I’m dubious that the fate of 200 mile EVs rests on QC infrastructure for road trips, i.e. that they will “fall flat” without it.

The percentage of households that can make good use of a car with a 200 mile limit is far higher than the likely penetration of EVs in the 2017 time frame. Put another way, I think there are a lot of people out there who would consider an EV for their everyday car but aren’t comfortable with 60-80 miles that would be just fine with 160-200 miles. To be provocative, one could even conjecture that the demand for infrastructure will actually fall when typical EVs have 200 miles of range.

None of which is to say that Tesla having their supercharger network won’t give them a marketing advantage, or that there aren’t lots of people who want to do road trips, just that there are a lot of people who don’t need to do road trips in every car they own. You only need a few percent of the population to create a huge market.
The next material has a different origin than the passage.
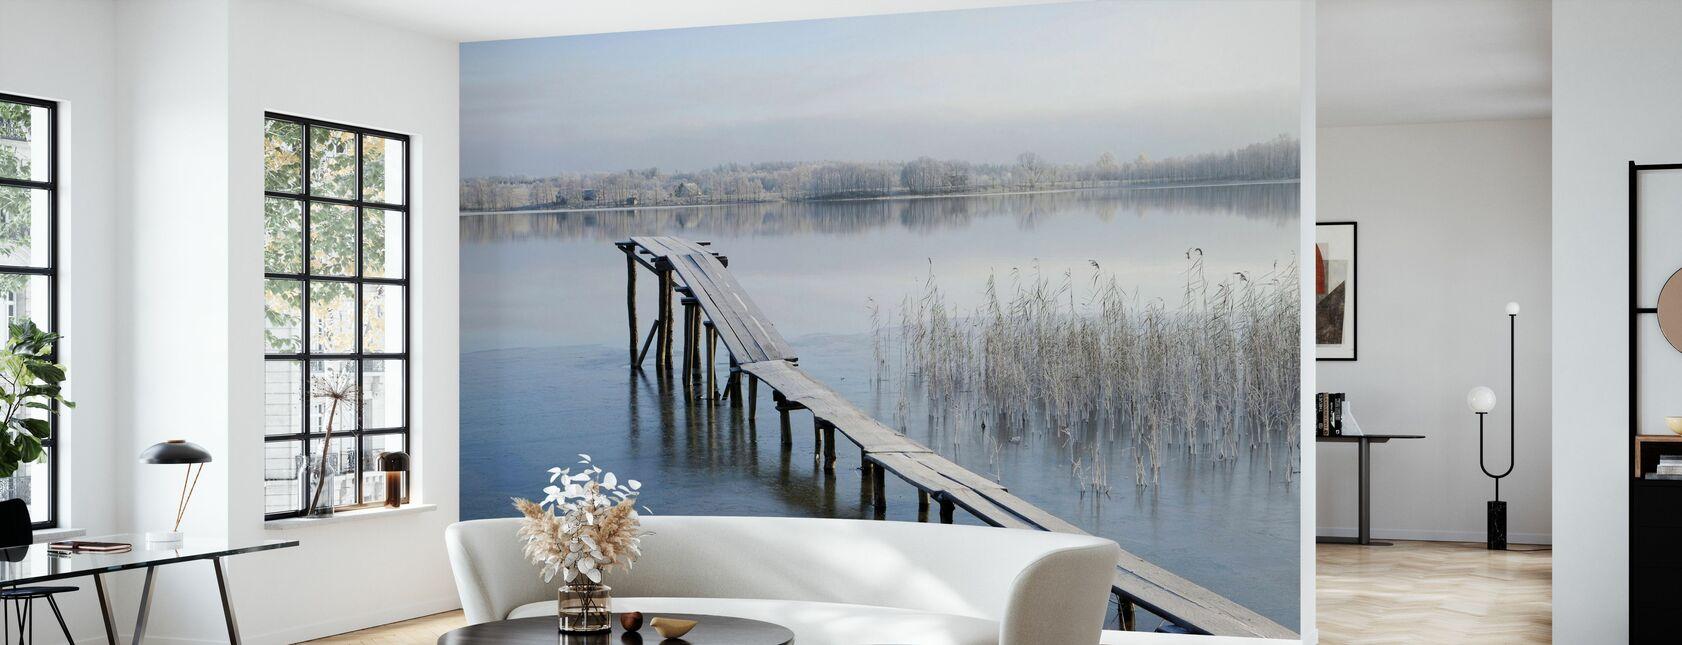 Attributes of Winter - Wallpaper - Living Room

I completely agree. For me, I have no interest in an 80 mile EV. A 200 mile EV gives you a lot more options. It also provides a lot more margin for cold weather battery issues and being stuck in traffic. And for those that have short commutes, you don’t have to remember to charge everyday.

Being stuck in traffic increases EV range, rather than decreases it.

Not if you’re using climate control! Especially in the winter, I can see my Volt’s electric range keep dropping while stuck in traffic.

I’m convinced it is a reality…..but I’m concerned it could be looked at as a 35-40k $ Fit or Spark.

The public still views 35K as a lot of money for a car even with 200 mile range….I’m not sure it will sell in volume unless they:

Make it look special….and it doesn’t sound that special from the description.

With all these upcoming changes to EVs, maybe I’ll stick with a 2-year lease for my next EV in January. Exciting!

Assuming(and that is an understatement if ever one existed)that this mystery car represents an actual GM EV with the 200 mile range at approximately $35K, then if I were Nissan/BMW/VW, et al, I’d be nervous. The reality of such a car in 2016-2017(eg)would cause heavy price cuts in the other EV’s. How could Nissan sell their SV model at $38K? Frankly, I can anticipate drops on the other EV’s up to $10,000 if this 200 mile EV hits the market as suggested. At the very least they’d have to increase range accordingly, so offer a Nissan SV with 200K range at the price of an 82 mile range vehicle today. Without question it would truly cause the EV market to explode, as many of us EV drivers sensed it would once battery prices came down. An issue then would be QC’ing and merging with Tesla’s SC network. You just cannot have 3 competing technologies and expect the general public(even if the are informed about EV’s)to buy into that quagmire. The manufacturers will HAVE to resolve that issue. A 200 mile EV would make almost any trip doable—assumming you have QC capabilities easily accessed.


My guess is that it may be a Nissan.

They have said that they plan more radical architectures to take advantage of the packaging possibilities of electric drive now that they have established the basic market.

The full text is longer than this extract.